I’ve always had big dreams. Even before I developed and was diagnosed with bipolar disorder. I wanted to go to an Ivy League college or an HBCU, I wanted to become a doctor, I wanted to have kids, I wanted to do a whole slew of big things. However, over the years I discovered, often times the hard way, that these big dreams just weren’t within my reach. It had nothing to do with not being intelligent enough, or driven enough, or not trying hard enough. I simply have limitations that many other people don’t.
Just making it through undergrad was a struggle. It took me 8 years to finish. I never failed a class and all of my grades were well above the 3.0 threshold, but I needed a lot of breaks. So I took quite a few semesters off and transferred schools a few times. Once I graduated I gained some confidence and possibly became a little manic, because I applied and was accepted into grad school for social work at a school known for its very rigorous course work. I dropped out after 2 weeks because going to grad school and working full-time wasn’t something I could mentally handle. I didn’t quit because I was out of my comfort zone or lacked motivation. I quit because my mental health was more important. I had been hospitalized quite a few times in undergrad because of the stress, and this would be no easier.
Anyway, I’m writing this post for all who go on Instagram and Facebook and see the memes of “Your only barrier to success is yourself” or “The only limitation is a bad attitude.” I hate to use typical Tumblr words, but these memes are ableist to those of us with invisible illnesses. I would love to pull all nighters or work at a prestigious company in NYC with large time commitments and larger pay. I’d love to get a PhD and become licensed to counsel and prescribe medication. But, I know my limits. My need for sleep, need for time to myself, need for time to go to doctors appointments, and time needed for self care do not fit into these career and life paths.

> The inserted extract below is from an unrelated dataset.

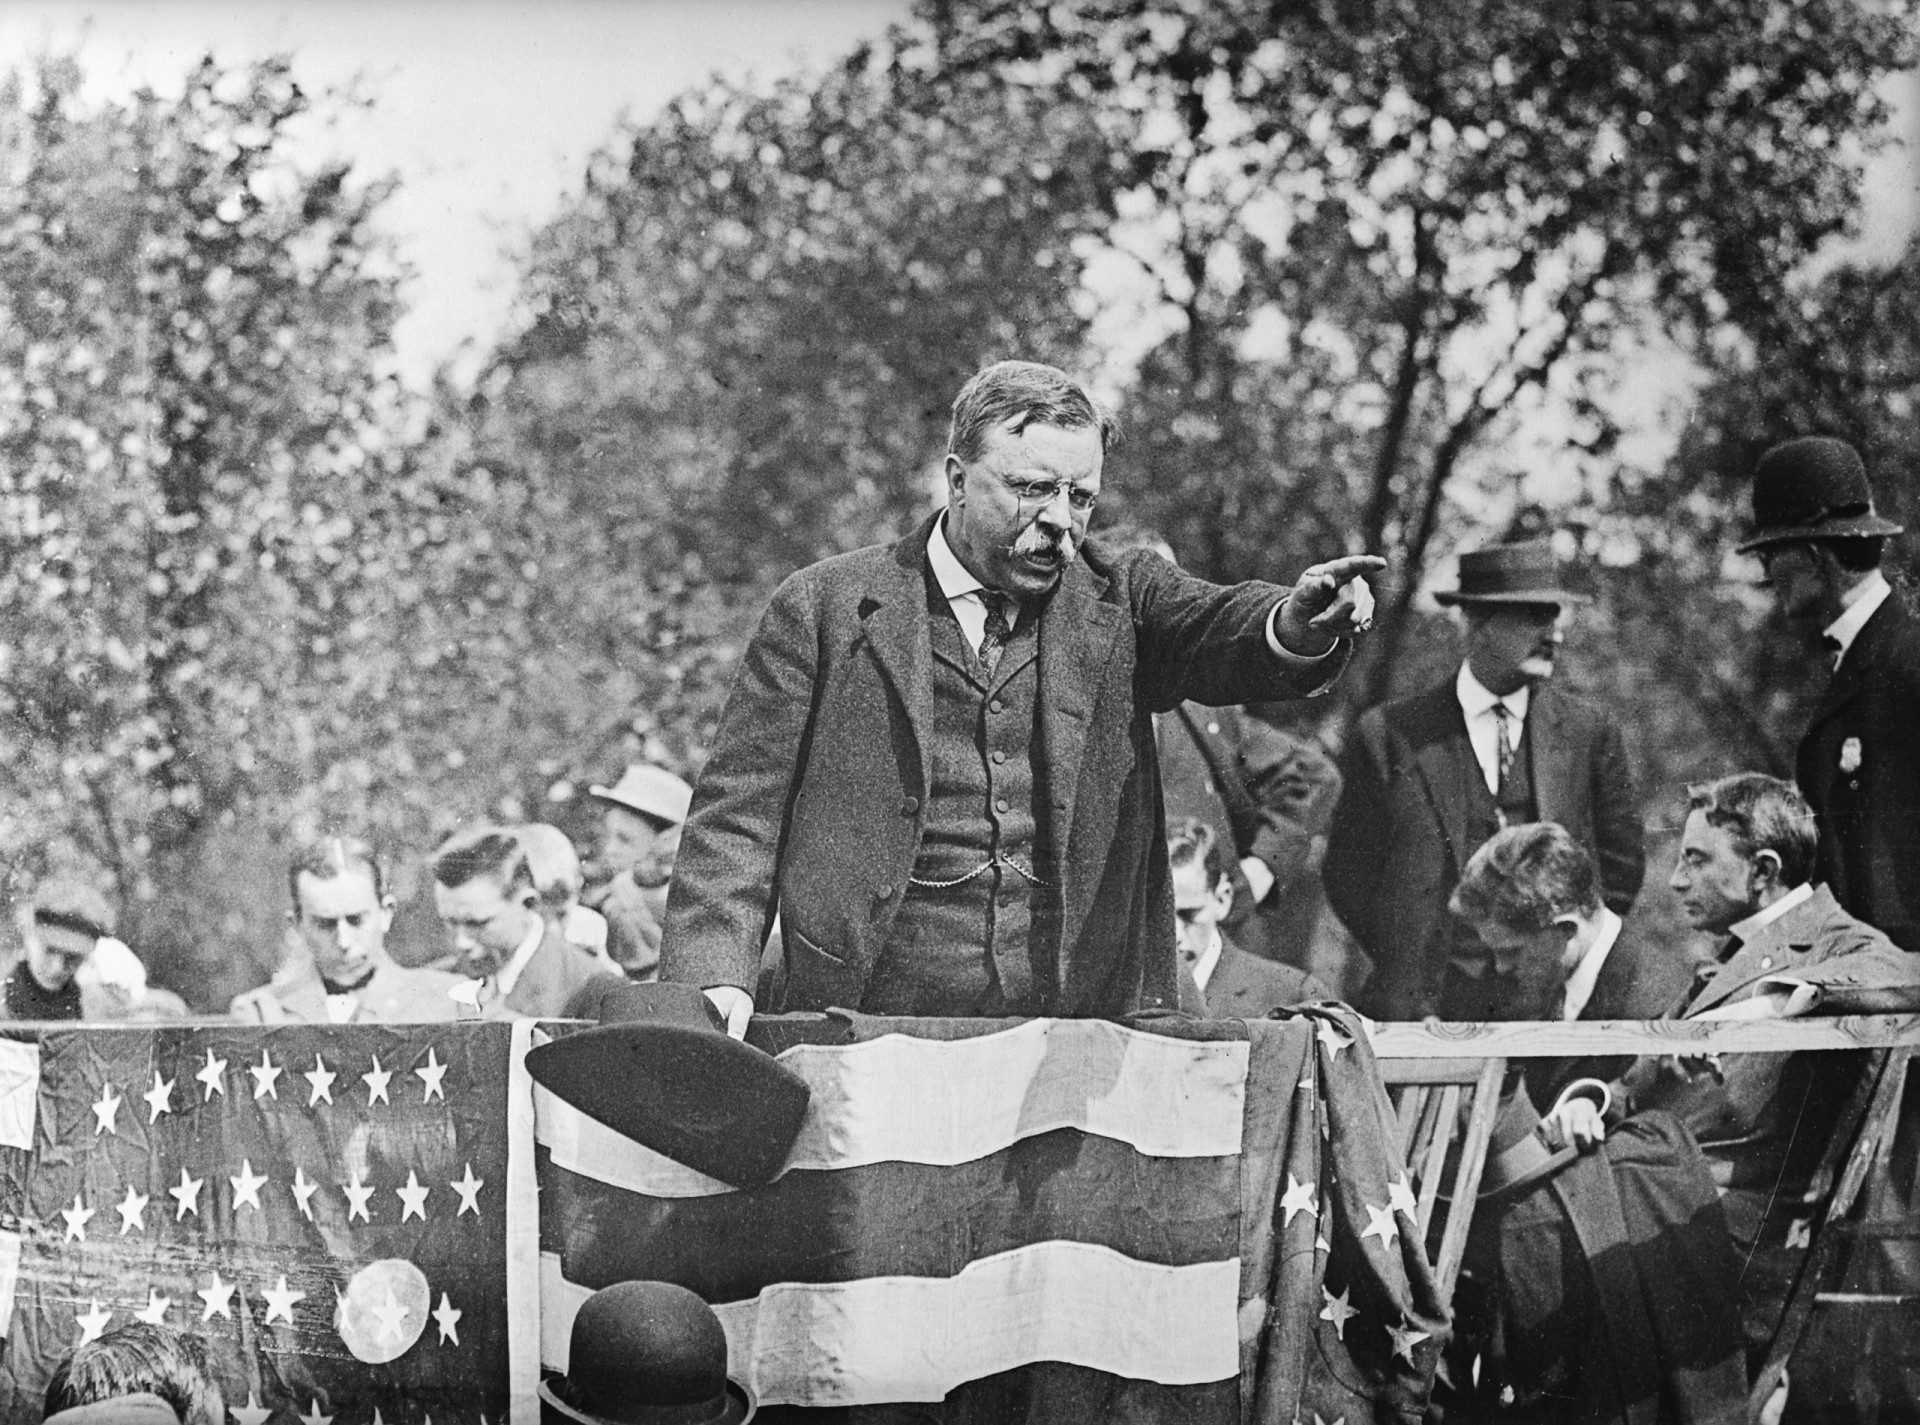 <p>Theodore Roosevelt kandidiert im Jahr 1900 für die Präsidentschaft. Er hält das Amt von 1901 bis 1909.</p><p>Sie können auch mögen:<a href="https://de.starsinsider.com/n/301059?utm_source=msn.com&utm_medium=display&utm_campaign=referral_description&utm_content=689702"> Nachhaltige Mode: An diesen Stars sollten wir uns ein Beispiel nehmen</a></p>

This doesn’t mean that I or anyone else with similar limitations will not be successful, it just means that we have to find a different path to success than what we’re used to seeing. It also doesn’t mean that we only stay in our comfort zone. Writing this blog has taken me out of my comfort zone. Meeting new people has taken me out of my comfort zone. Half the time leaving the house is coming out of my comfort zone. But as you see, I’m doing it.

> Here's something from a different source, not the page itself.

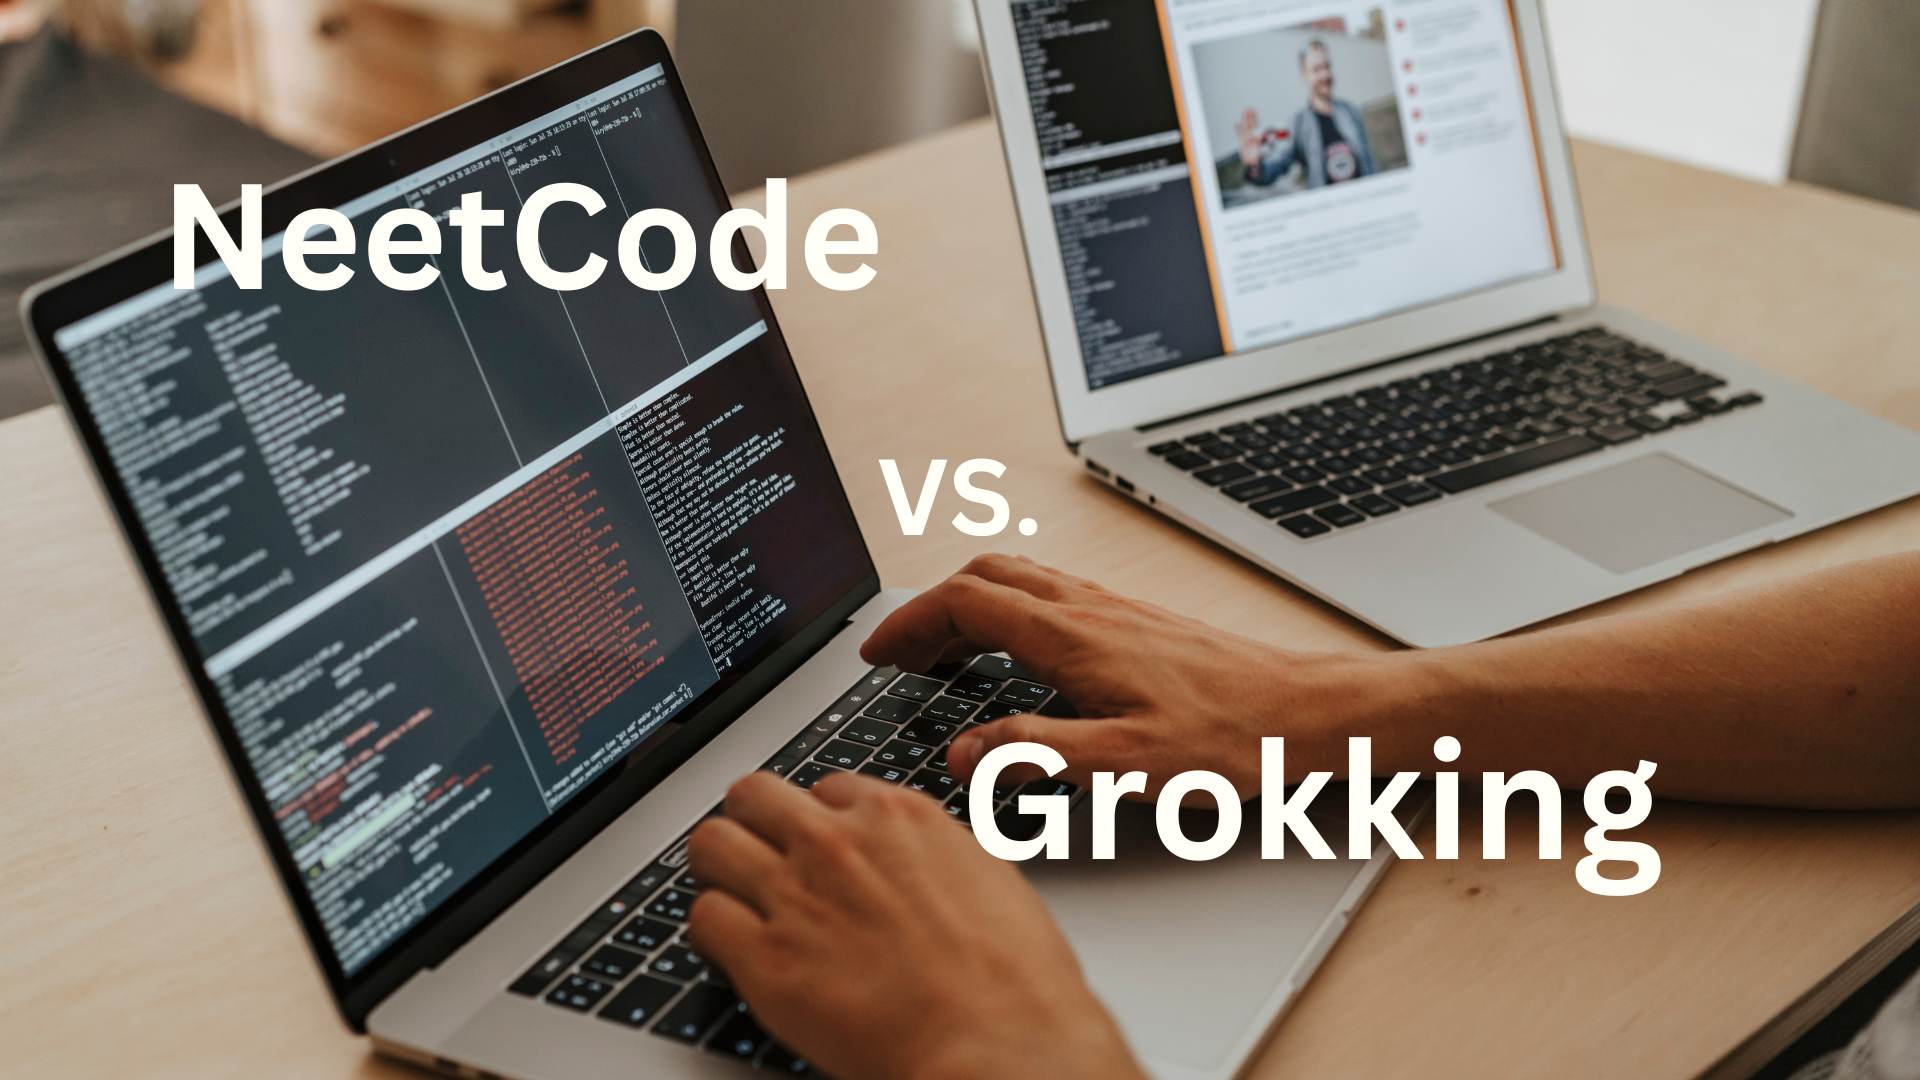 NeetCode vs Grokking

We must be careful to not internalize other’s ideas of what success and breaking out of your comfort zone looks like. This leads to us downplaying our accomplishments and can lead to depression. Acknowledging your limitations doesn’t mean you’ve given up. It means you have taken the time for introspection and know yourself. If you tell someone your limitations and they say you’re making excuses or need to get out of your comfort zone, perhaps this person isn’t someone you need in your life.
My life is nothing like what I had dreamed about, but I am making it into something better by acknowledging my limitations and working within and around them. Advice and motivational quotes aren’t applicable for everyone. They are kind of like medicine. They can make some people feel phenomenal but they can also make others feel disgusting.
Let me know your thoughts. What are your limitations and how have you worked within and around them? What are some examples of you getting out of your comfort zone?